388 So. 2d 347 | Fla. Dist. Ct. App. | 1980

PER CURIAM.

Bertone appeals the denial of his motion for rehearing for mitigation of sentence pursuant to Rule 3.800 Fla.R.Crim.P. We note that no appeal lies from the denial of a motion for reduction of a legal sentence filed pursuant to Fla.R.Crim.P. 3.800. Hallman v. State, 371 So.2d 482 (Fla.1979), affirming 343 So.2d 912 (Fla.2d DCA 1977); Suggs v. State, 358 So.2d 897 (Fla.2d DCA 1978).

Although his appeal is filed pursuant to Rule 3.800 Fla.R.Crim.P., Bertone’s argument is more closely akin to an appeal of a denial of a motion for post conviction relief pursuant to Rule 3.850 Fla.R.Crim.P. Even if he had used this means of appeal, we would affirm the denial of his Rule 3.850 Motion for Post Conviction Relief.

He argues that since he was on parole for a prior rape conviction, his subsequent sentence for attempted second degree murder could not be made to run consecutively to the sentence for rape. He cites Distillator v. Civiletti, 612 F.2d 194 (5th Cir. 1980) for the proposition that a sentence cannot be stacked to a parole that has not been executed or violated. We note that Distillator construed a federal law pertaining to the execution of parole violation warrants and is inapplicable to the instant proceedings under Florida law.
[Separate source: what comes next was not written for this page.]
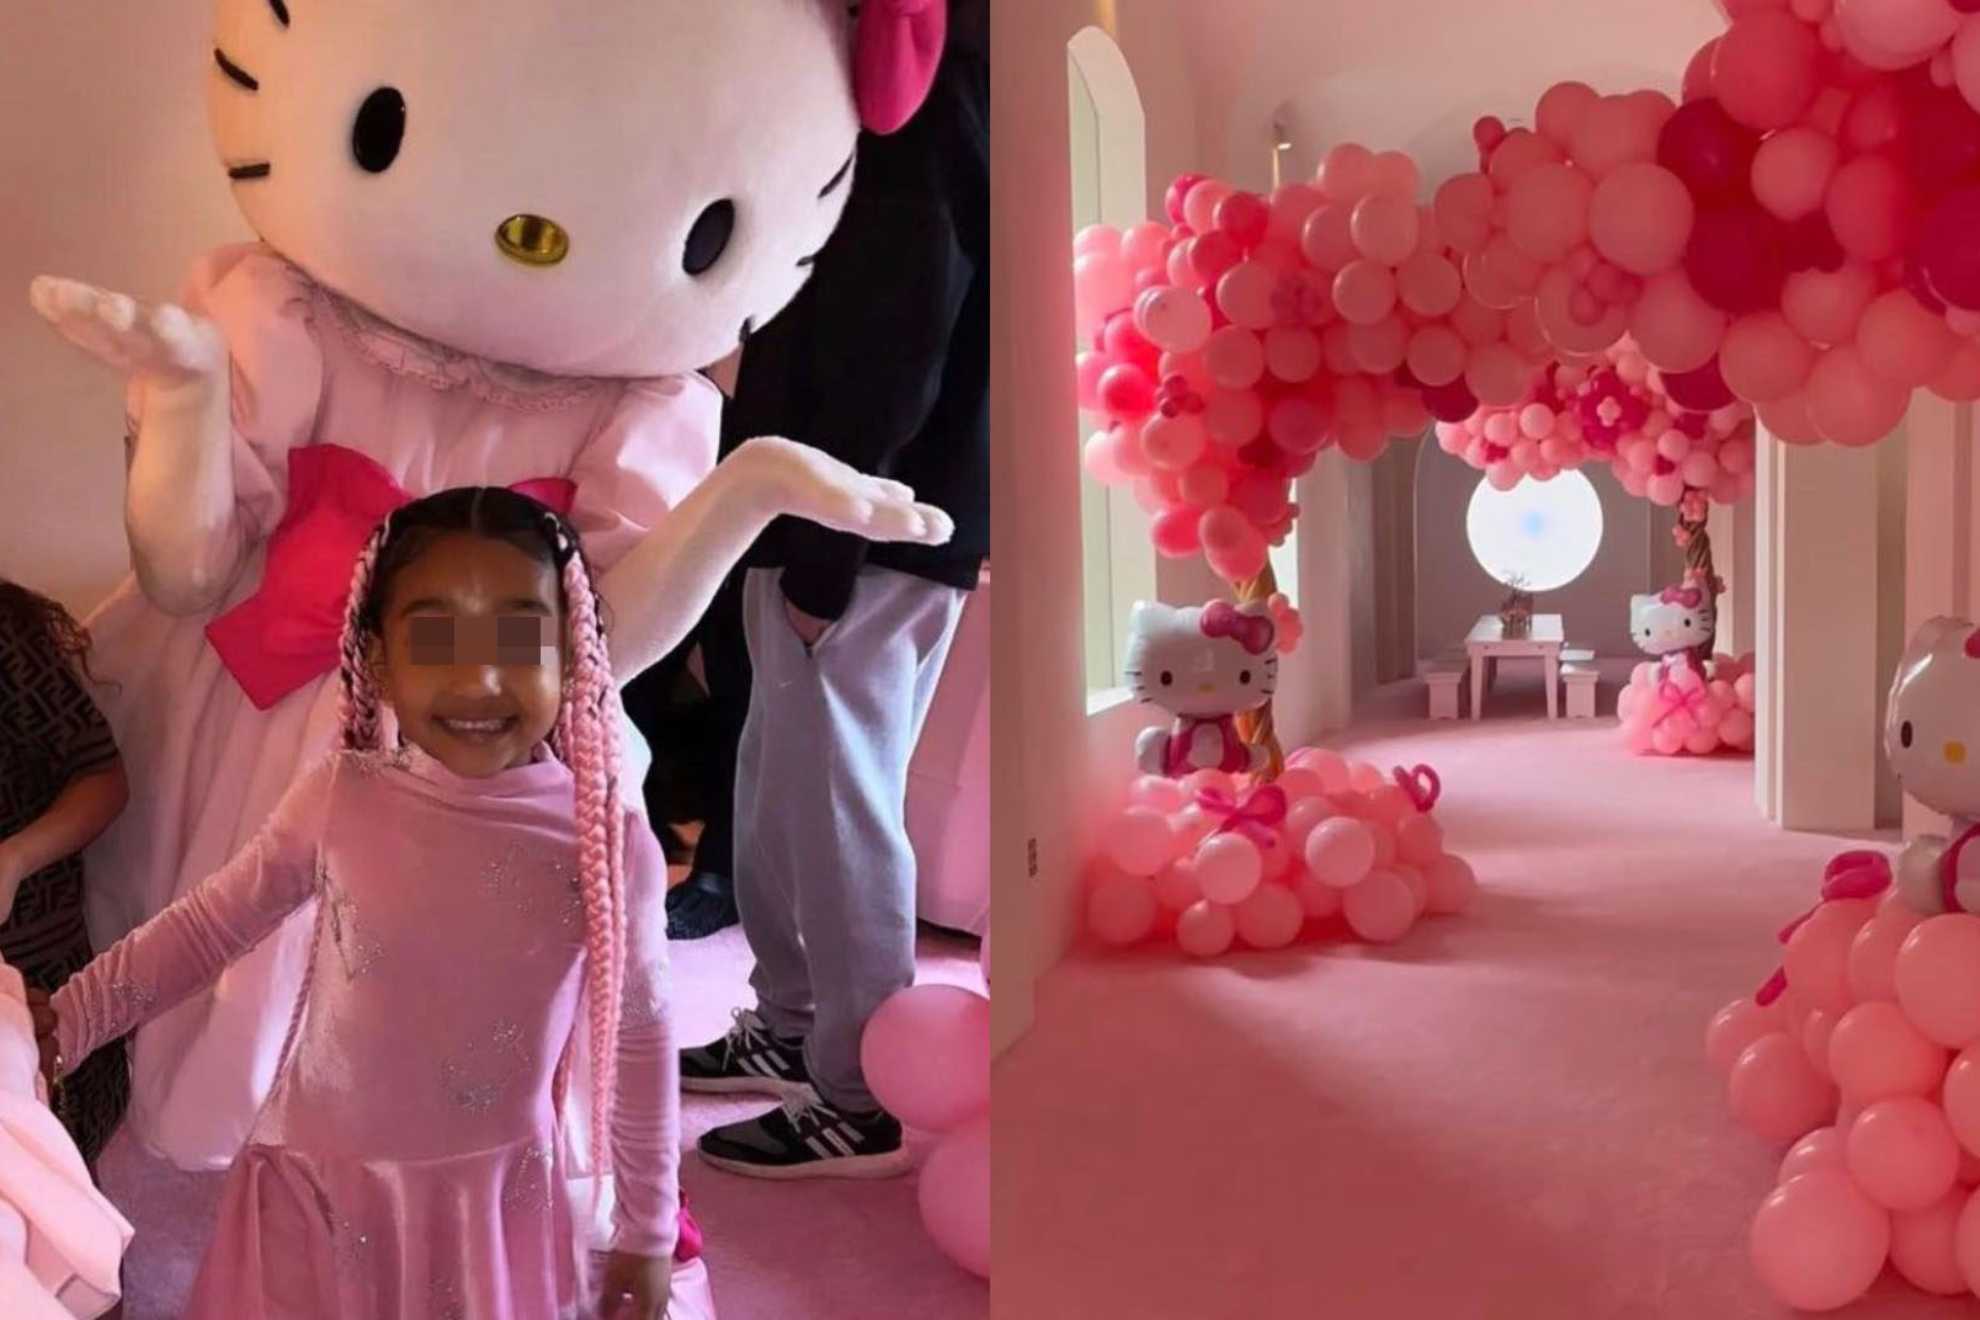 Kim Kardashian celebrates daughter Chicago West's birthday with epic Hello Kitty party, Kanye West wasn't invited

Tereul v. Wainwright, 328 So.2d 199 (Fla. 1976) and Holley v. Wainwright, 326 So.2d 411 (Fla.1976) have construed Florida Statutes to mandate that a second sentence, entered in regard to a different information or indictment; shall run consecutively to a prior sentence unless the trial judge specifically orders the sentence to run concurrently. In this case, the trial judge specifically ordered the sentences to run consecutively. We find no error. Therefore, the appeal is dismissed.

WENTWORTH and JOANOS, JJ., and WOODIE A. LILES (Ret.), Associate Judge, concur.